Cynthia S. Goldsmith, Russell Regner/CDC
/
AP File
This 2003 electron microscope image made available by the Centers for Disease Control and Prevention shows mature, oval-shaped monkeypox virions, left, and spherical immature virions, right, obtained from a sample of human skin associated with the 2003 prairie dog outbreak.

SEATTLE (AP) — Health officials in Washington state say a case of the monkeypox virus has been confirmed in the Seattle area.

On Friday the state Department of Health and Public Health — Seattle & King County confirmed the infection in a King County man who recently traveled to a country where other monkeypox cases had been identified. Officials had announced the case as presumptive earlier in the week.

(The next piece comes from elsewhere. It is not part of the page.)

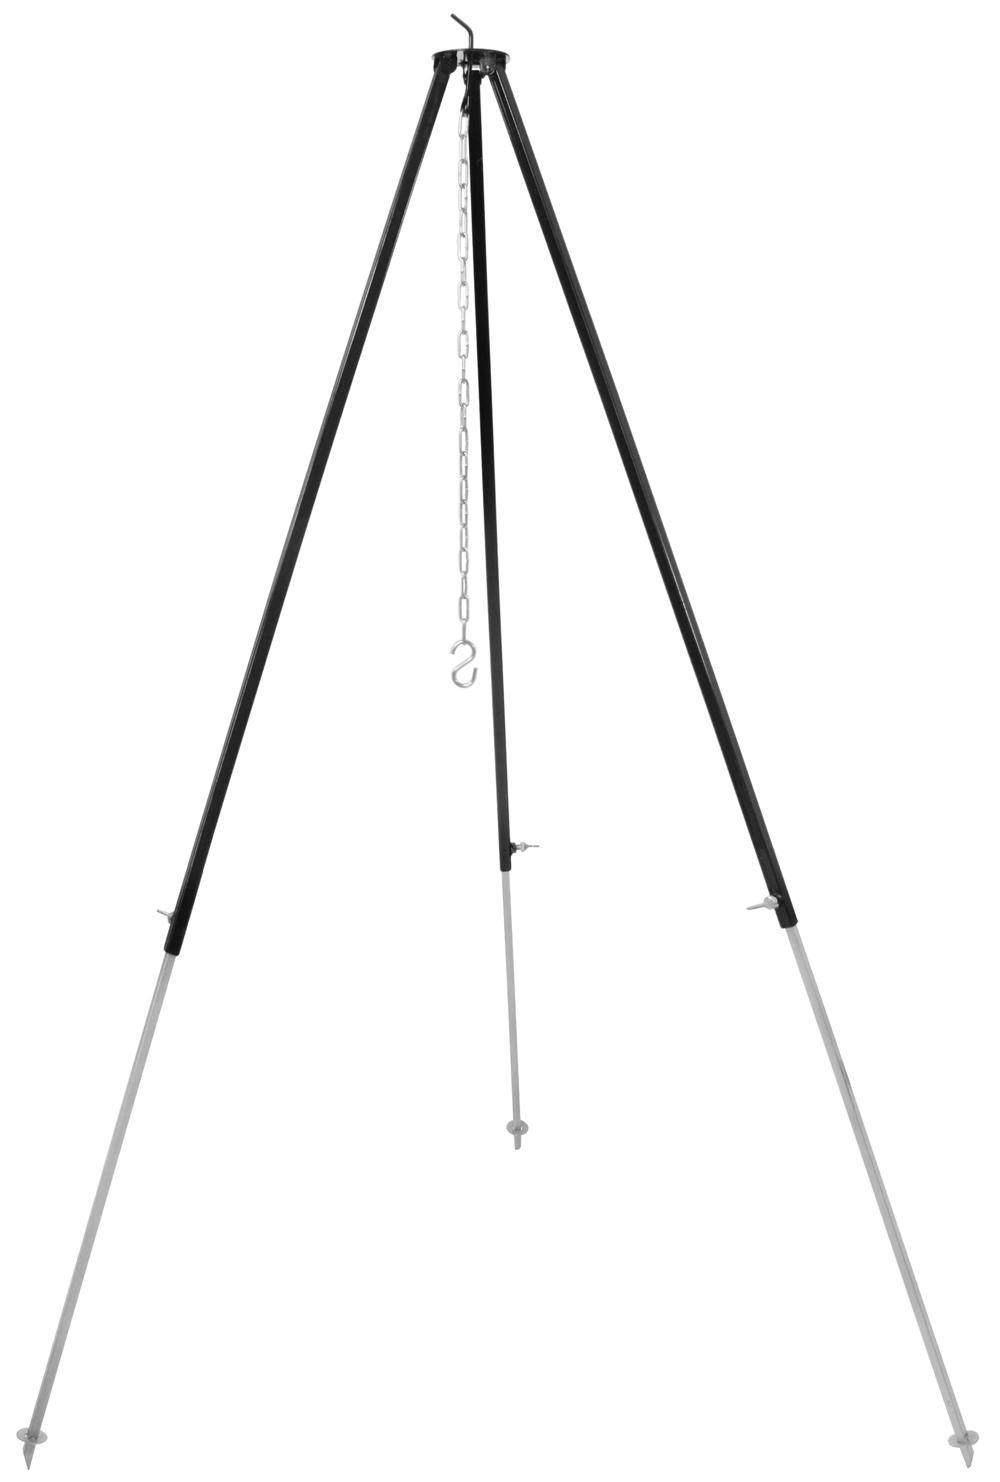 gulaschkessel dreibein 180 cm f r kesselgulasch schwenkgrill und feuerstelle ebay. Black Bedroom Furniture Sets. Home Design Ideas

The man wasn’t hospitalized and is recovering at home.

The Seattle Times reports that no additional presumptive monkeypox cases had been found in King County, though health officials continue to look for others who might have been exposed to the virus.

“Despite the news of multiple cases nationwide, monkeypox is a very rare disease in the United States and the Washington resident who tested positive does not pose a public health risk,” state Secretary of Health Dr. Umair Shah said in a statement.

The World Health Organization says nearly 200 cases of monkeypox have been reported in more than 20 countries not usually known to have outbreaks of the unusual disease, but described the epidemic as “containable” and proposed creating a stockpile to equitably share the limited vaccines and drugs available worldwide.

Ten monkeypox infections have been confirmed in the United States, according to a Thursday evening update from the Centers for Disease Control and Prevention.

No deaths have been identified.

Doctors in Britain, Spain, Portugal, Canada, the U.S. and elsewhere have noted that the majority of infections to date have been in gay and bisexual men, or men who have sex with men. The disease is no more likely to affect people because of their sexual orientation and scientists warn the virus could infect others if transmission isn’t curbed.